Hello, The first thing to double check is that the chromosome identifier is an exact match between the reference genome and the reference annotation. The GFF3 file is naming the chromosome "NC_011420.2". The reference annotation chromosome should be named exactly the same way. Check this in the input BAM/SAM datasets or the original .fasta reference genome. Hopefully this finds the problem. Correcting mismatched names (due to various reasons) is the most common solution to this sort of issue: 'Tools on the Main server: Example', bullet item #2: http://wiki.g2.bx.psu.edu/Support#Interpreting_scientific_results Best, Jen Galaxy team On 9/26/12 8:46 AM, Qian Dong wrote:
Dear Team,
I've been having a problem with cufflink regarding GFF files. I tried searching the mailing list first and failed to find an answer. Could you help me look at this?

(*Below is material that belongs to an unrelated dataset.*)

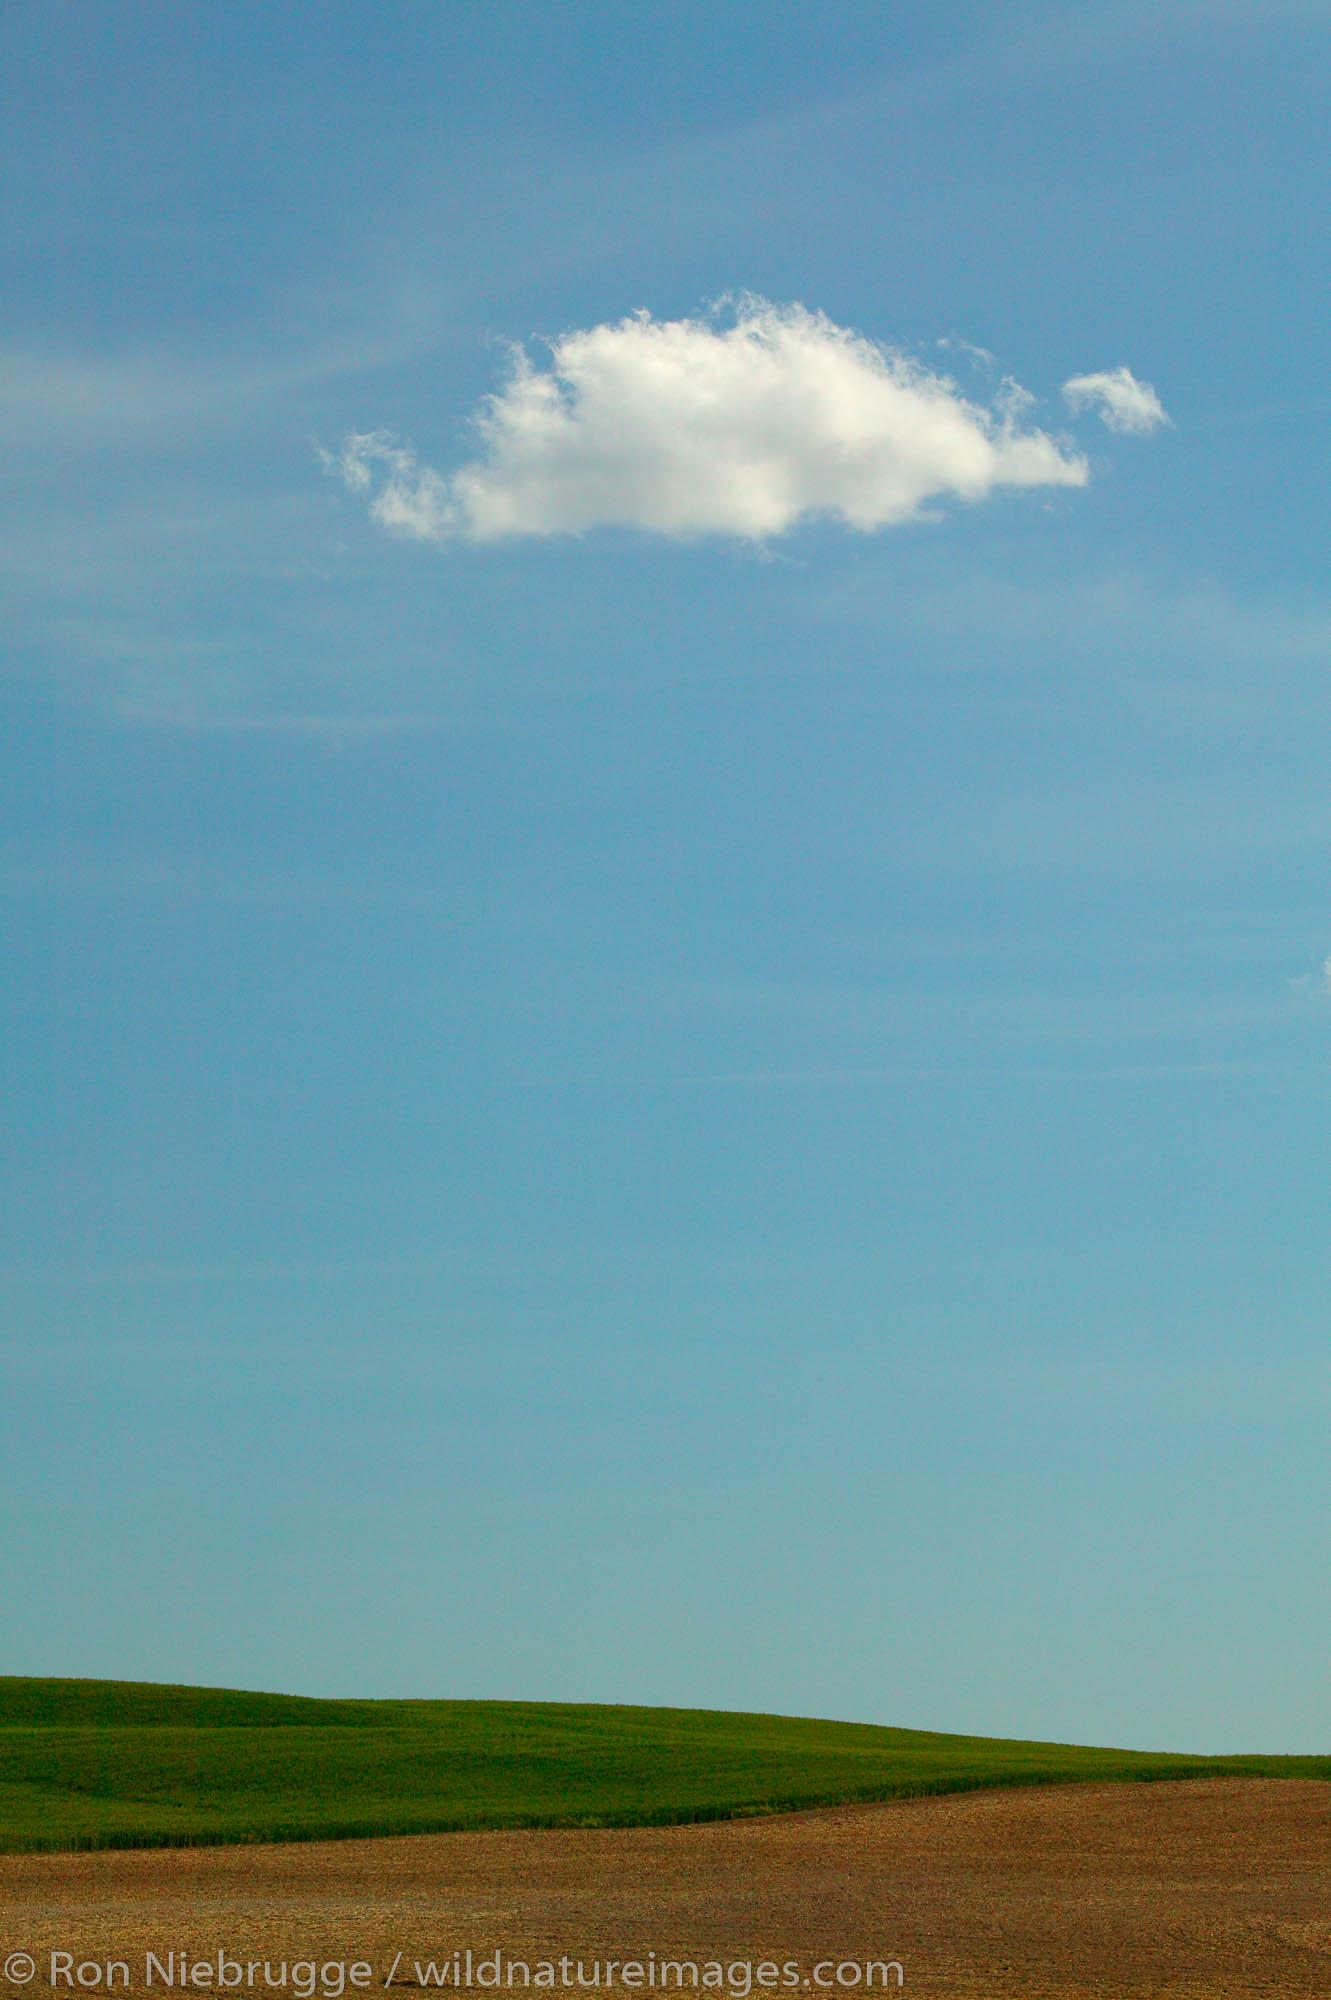 A single cloud over farmland (wheat fields) near Ritzville, Eastern Washington.
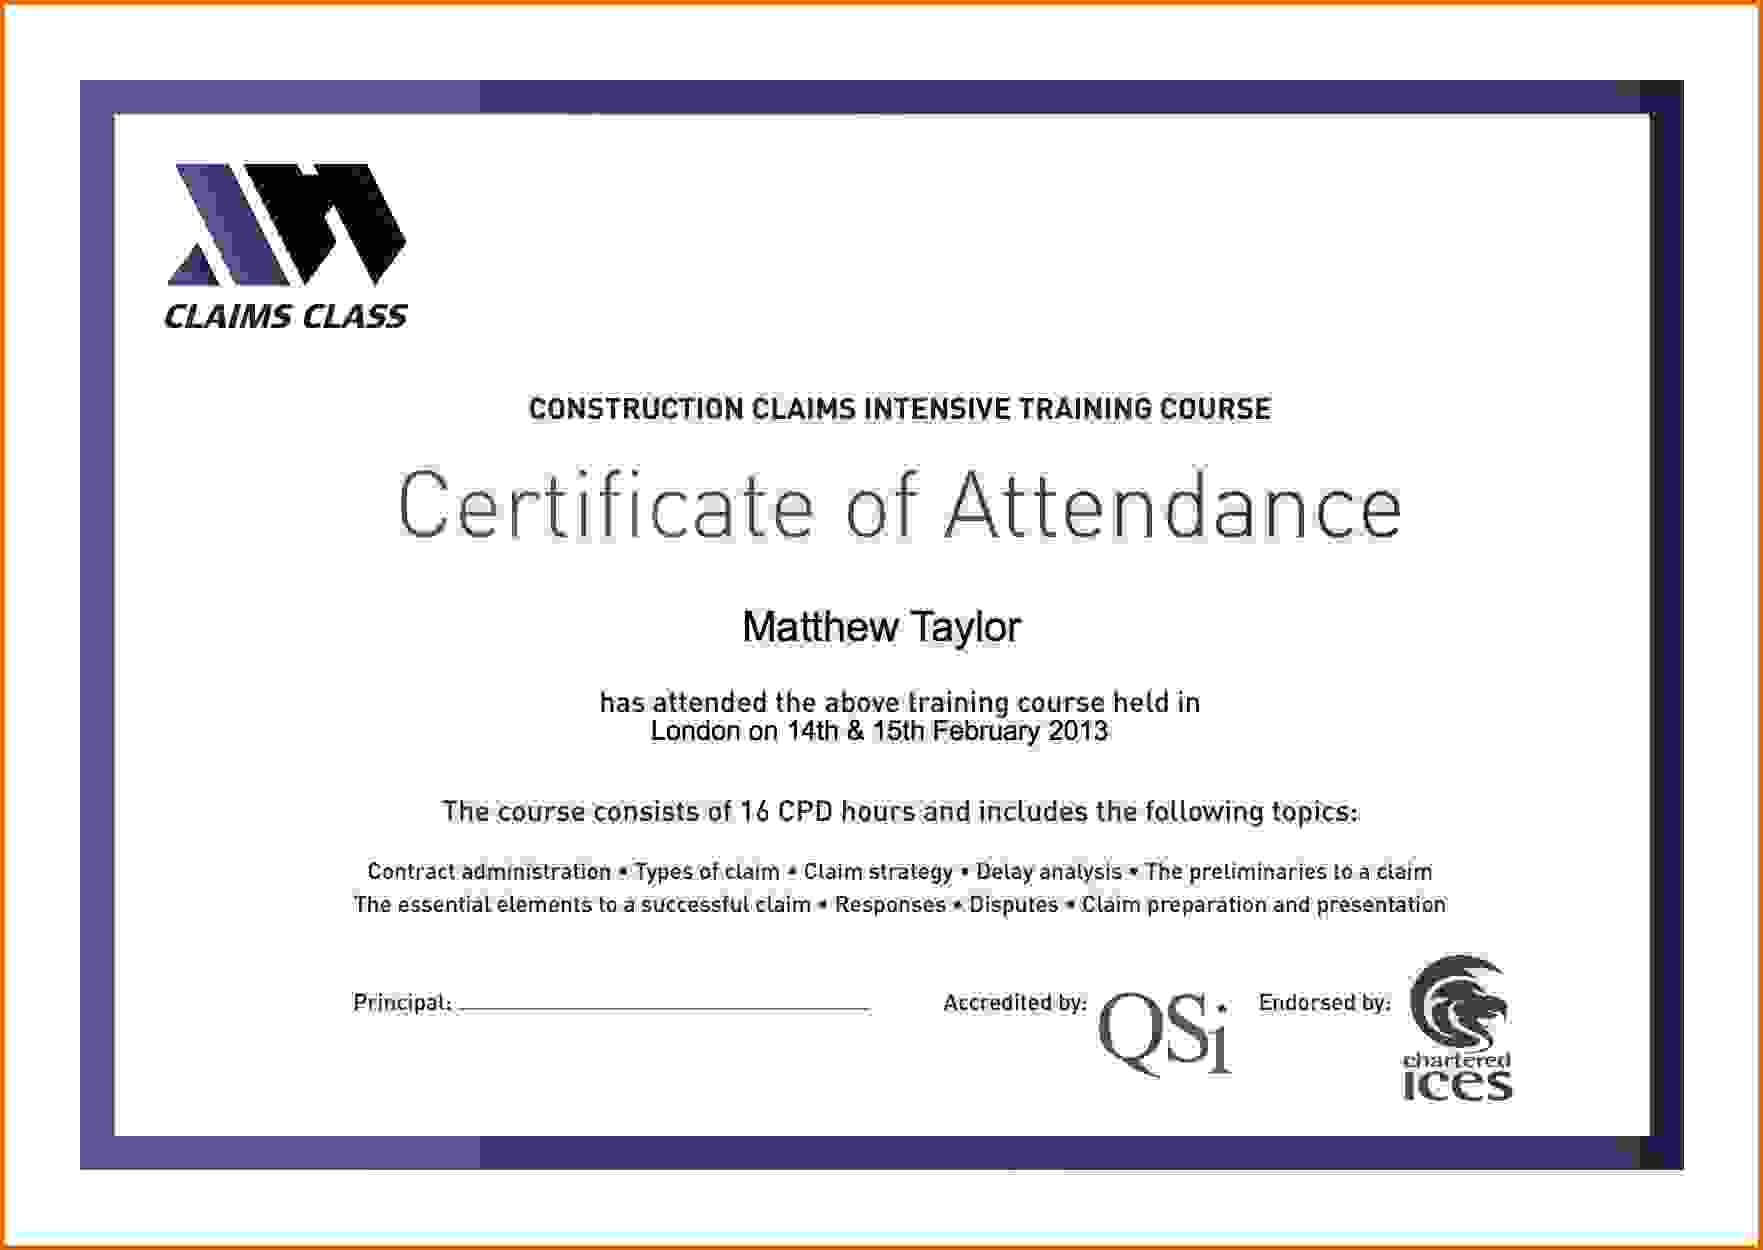 Certificate Attendance Templatec Certification Letter With Attendance Certificate Template Word

I downloaded my genome annotation GFF file from NCBI (soon I realized NCBI format may be a problem) for my bacterial RNA-seq data analysis. My GFF file looks like the following:
' ##gff-version 3 #!gff-spec-version 1.20 #!processor NCBI annotwriter ##sequence-region NC_011420.2 1 4355543 ##species http://www.ncbi.nlm.nih.gov/Taxonomy/Browser/wwwtax.cgi?id=414684 NC_011420.2 RefSeq region 1 4355543 . + . ID=id0;Dbxref=taxon:414684;Is_circular=true;culture-collection=ATCC:51521;gb-synonym=Rhodocista centenaria SW;gbkey=Src;genome=chromosome;mol_type=genomic DNA;strain=SW%3B ATCC 51521 NC_011420.2 RefSeq gene 11 3343 . + . ID=gene0;Name=RC1_0011;Dbxref=GeneID:7008893;gbkey=Gene;locus_tag=RC1_0011 NC_011420.2 RefSeq CDS 11 3343 . + 0 ID=cds0;Name=YP_002296275.1;Parent=gene0;Note=Contains a type I secretion target ggxgxdxxx repeat %282 copies%29 domain%3B Contains a Cadherin domain%3B identified by match to protein family HMM PF02789;Dbxref=Genbank:YP_002296275.1,GeneID:7008893;gbkey=CDS;product=hypothetical protein;protein_id=YP_002296275.1;transl_table=11
I used this file for cufflink but all the FPKM values are 0. I checked out this link: http://cufflinks.cbcb.umd.edu/gff.html and thought that maybe the problem is because I don't have any mRNA feature in my gff file. Since I am dealing with a bacterial genome, there is no exon/intron or UTR info needed. Therefore I modified my GFF file into the following:
##gff-version 3 #!gff-spec-version 1.20 #!processor NCBI annotwriter ##sequence-region NC_011420.2 1 4355543 ##species http://www.ncbi.nlm.nih.gov/Taxonomy/Browser/wwwtax.cgi?id=414684 NC_011420.2 RefSeq region 1 4355543 . + . ID=id0;Dbxref=taxon:414684;Is_circular=true;culture-collection=ATCC:51521;gb-synonym=Rhodocista centenaria SW;gbkey=Src;genome=chromosome;mol_type=genomic DNA;strain=SW%3B ATCC 51521 NC_011420.2 RefSeq mRNA 11 3343 . + . ID=mRNA0;Name=RC1_0011;Dbxref=GeneID:7008893;gbkey=Gene;locus_tag=RC1_0011 NC_011420.2 RefSeq CDS 11 3343 . + 0 ID=cds0;Name=YP_002296275.1;Parent=mRNA0;Note=Contains a type I secretion target ggxgxdxxx repeat %282 copies%29 domain%3B Contains a Cadherin domain%3B identified by match to protein family HMM PF02789;Dbxref=Genbank:YP_002296275.1,GeneID:7008893;gbkey=CDS;product=hypothetical protein;protein_id=YP_002296275.1;transl_table=11
I re-ran cufflink however this time there is error reported. I can only tell from the report that there is a segmentation fault but not further details. The report is as follows:
Error running cufflinks. return code = 139 Command line: cufflinks -q --no-update-check -I 100 -F 0.100000 -j 0.150000 -p 4 -G /galaxy/test_pool/pool5/files/000/327/dataset_327777.dat /galaxy/test_database/files/000/325/dataset_325086.dat [19:41:41] Loading reference annotation. Segmentation fault
cp: cannot stat `/galaxy/test_pool/pool3/tmp/job_working_directory/000/170/170197/global_model.txt': No such file or directory cp: cannot stat `/galaxy/test_pool/pool3/tmp/job_working_directory/000/170/170197/isoforms.fpkm_tracking': No such file or directory cp: cannot stat `/galaxy/test_pool/pool3/tmp/job_working_directory/000/170/170197/genes.fpkm_tracking': No such file or directory
My questions will be:
1. Is there any way to modify a NCBI bacterial genome annotation GFF file to make it usable for cufflink? Our genome annotation is only available in NCBI, not ensemble or USDC so this is pretty much my only choice..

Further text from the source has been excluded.